Departamento de Inteligencia Artificial, Facultad de Informatica, Universidad Politécnica de Madrid, Spain.
Dev Neurobiol. 2011 Jan 1;71(1):71-82. doi: 10.1002/dneu.20809.
In the study of neural circuits, it becomes essential to discern the different neuronal cell types that build the circuit. Traditionally, neuronal cell types have been classified using qualitative descriptors. More recently, several attempts have been made to classify neurons quantitatively, using unsupervised clustering methods. While useful, these algorithms do not take advantage of previous information known to the investigator, which could improve the classification task. For neocortical GABAergic interneurons, the problem to discern among different cell types is particularly difficult and better methods are needed to perform objective classifications. Here we explore the use of supervised classification algorithms to classify neurons based on their morphological features, using a database of 128 pyramidal cells and 199 interneurons from mouse neocortex. To evaluate the performance of different algorithms we used, as a "benchmark," the test to automatically distinguish between pyramidal cells and interneurons, defining "ground truth" by the presence or absence of an apical dendrite. We compared hierarchical clustering with a battery of different supervised classification algorithms, finding that supervised classifications outperformed hierarchical clustering. In addition, the selection of subsets of distinguishing features enhanced the classification accuracy for both sets of algorithms. The analysis of selected variables indicates that dendritic features were most useful to distinguish pyramidal cells from interneurons when compared with somatic and axonal morphological variables. We conclude that supervised classification algorithms are better matched to the general problem of distinguishing neuronal cell types when some information on these cell groups, in our case being pyramidal or interneuron, is known a priori. As a spin-off of this methodological study, we provide several methods to automatically distinguish neocortical pyramidal cells from interneurons, based on their morphologies.
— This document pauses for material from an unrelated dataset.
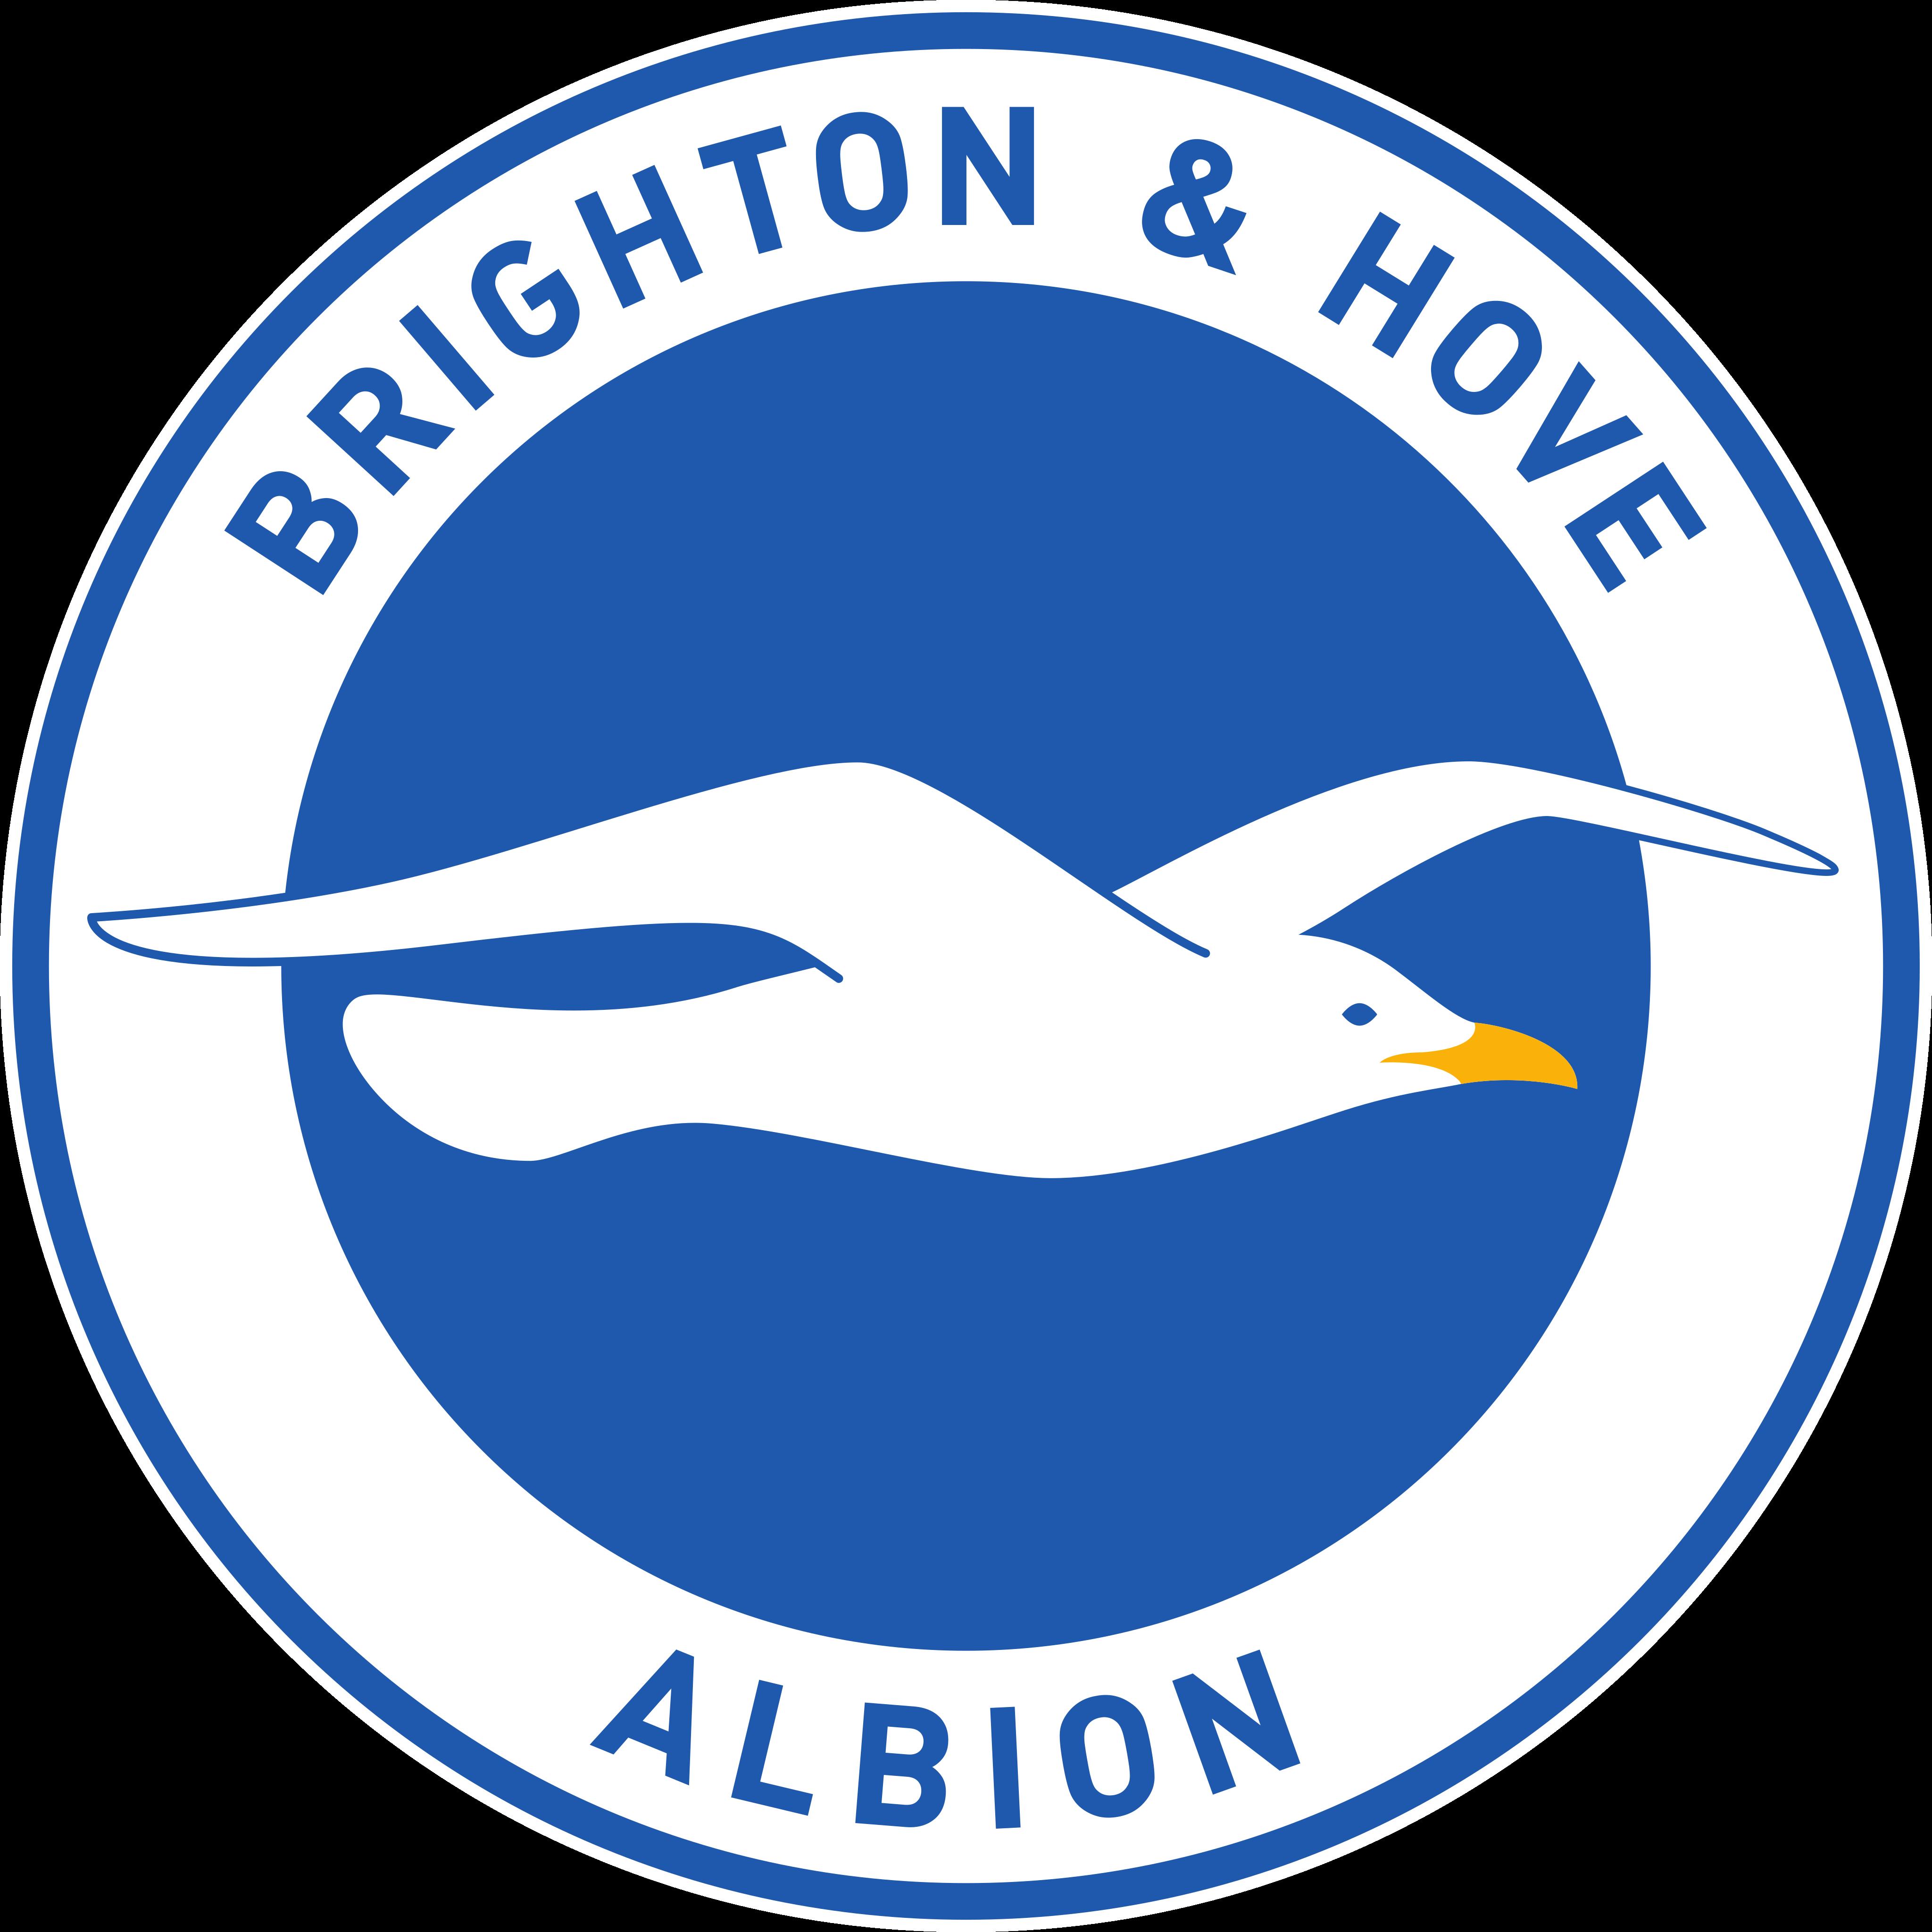 brighton hove albion logo - Brighton & Hove Albion FC Logo

在神经回路的研究中,辨别构建回路的不同神经元细胞类型变得至关重要。传统上,神经元细胞类型是使用定性描述符来分类的。最近,人们已经尝试使用无监督聚类方法对神经元进行定量分类。虽然这些算法很有用,但它们没有利用研究人员已知的先前信息,这可以提高分类任务的效率。对于新皮层 GABA 能中间神经元,辨别不同细胞类型的问题特别困难,需要更好的方法来进行客观分类。在这里,我们探索了使用监督分类算法根据神经元的形态特征对其进行分类的方法,使用了来自小鼠新皮层的 128 个锥体神经元和 199 个中间神经元的数据库。为了评估不同算法的性能,我们使用了自动区分锥体神经元和中间神经元的测试作为“基准”,通过是否存在顶树突来定义“真实情况”。我们将层次聚类与一系列不同的监督分类算法进行了比较,发现监督分类优于层次聚类。此外,选择区分特征子集可提高两种算法集的分类准确性。对选定变量的分析表明,与体部和轴突形态变量相比,树突特征最有助于将锥体神经元与中间神经元区分开来。我们得出的结论是,当预先知道有关这些细胞群的一些信息(在我们的案例中是锥体神经元或中间神经元)时,监督分类算法更适合于一般的神经元细胞类型辨别问题。作为这项方法学研究的一个副产品,我们提供了几种基于形态学自动区分新皮层锥体神经元和中间神经元的方法。